Go back to the table and examine the market declines when the bear comes out of his box. Even the smallest decline from out of the box would put the 2007 bear in the #2 position. But when I consider the implications of everything I have discovered in this three part series, I believe that this bear market could be historic.

But let's give credit where credit is due. This bear market has benefited greatly from the best "policy" money can buy. One of these days, this bear will take a piece from the "policy makers" themselves. I suspect we will see it first in the 2007's Lundeen Bear Box. You buy them shoes and send them to college and this is what they did to us? The current gang of economic PhDs managing "policy" should only be allowed to publish books on economic black operations for the CIA. Nothing survives their touch.

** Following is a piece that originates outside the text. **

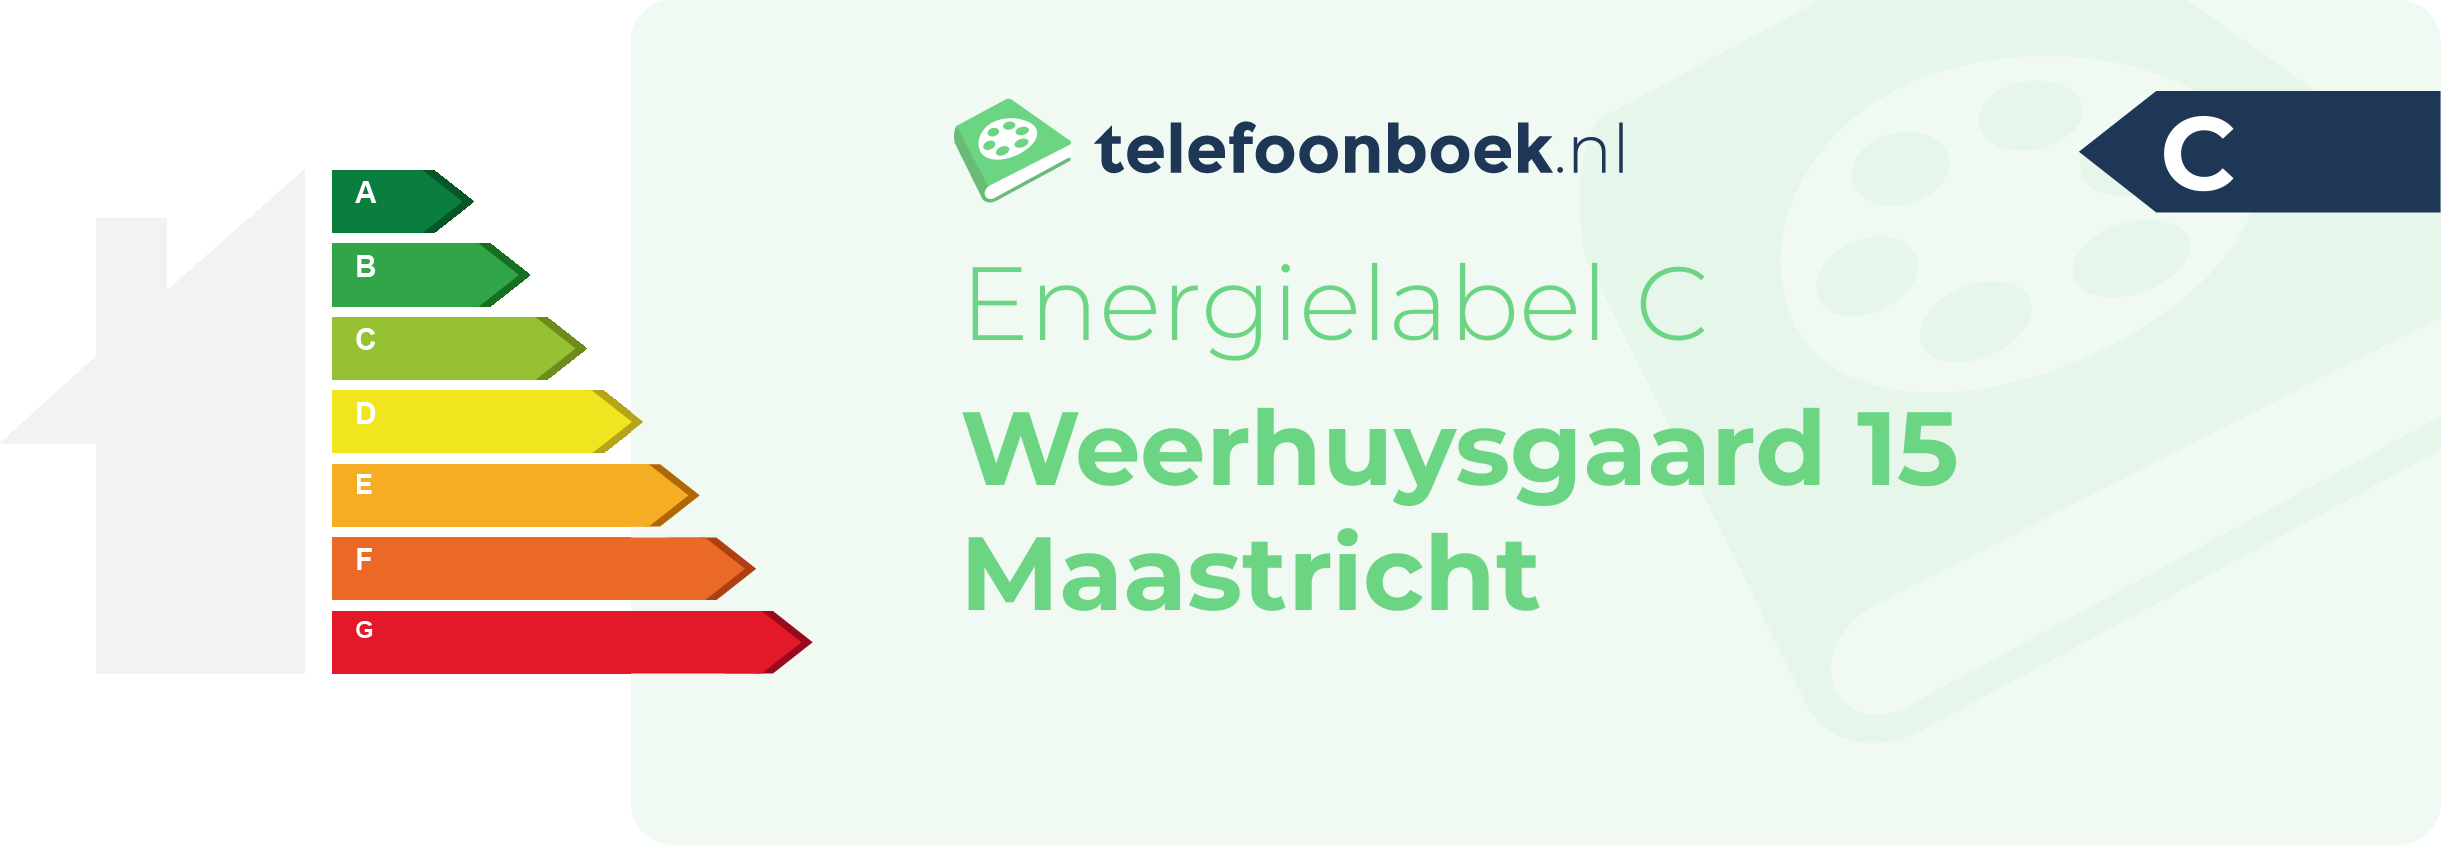 Energielabel Weerhuysgaard 15 Maastricht

As I've said before, I am not cheering for the 2007 bear. But after reviewing my work in these three articles covering the DJIA -40% bear markets, I can't be optimistic about the prospects of being long in the stock market. And for someone who is taking a bearish position, they see their counter-parties rolling over daily on CNBC.

God help us all!

This is exactly what happened in the 1930s. Rock solid positions turned into quicksand. So where is safety to be found? In the 1930s the only stock group that ultimately prospered was the gold mining shares. As in 2008, gold mining shares fell with the rest of the market, at first. But in the Great Depression, as the crisis deepen; Homestake Mining and Alaska Juneau Gold reversed and took off to become very profitable to their shareholders.

Time will tell whether or not the past will be prologue for the 2007 bear market. No doubt "policy" is opposing such a bull market in the gold mining stock sector as I write this. But looking at how successfully they have handled the bear market everywhere else, fighting a precious metal bull will be another battle "policy" will lose. When they make the US dollar worthless, gold and silver will shine!

If anyone interested in researching a detailed break-down of the 1929-1933 financial markets, I recommend Barrie A. Wigmore's: "The Crash and its Aftermath."

I don't like it, but so far the 2007 bear is on track with 1929.

In the Aztec language the name for gold is teocuitlatl which means "excrement of the gods."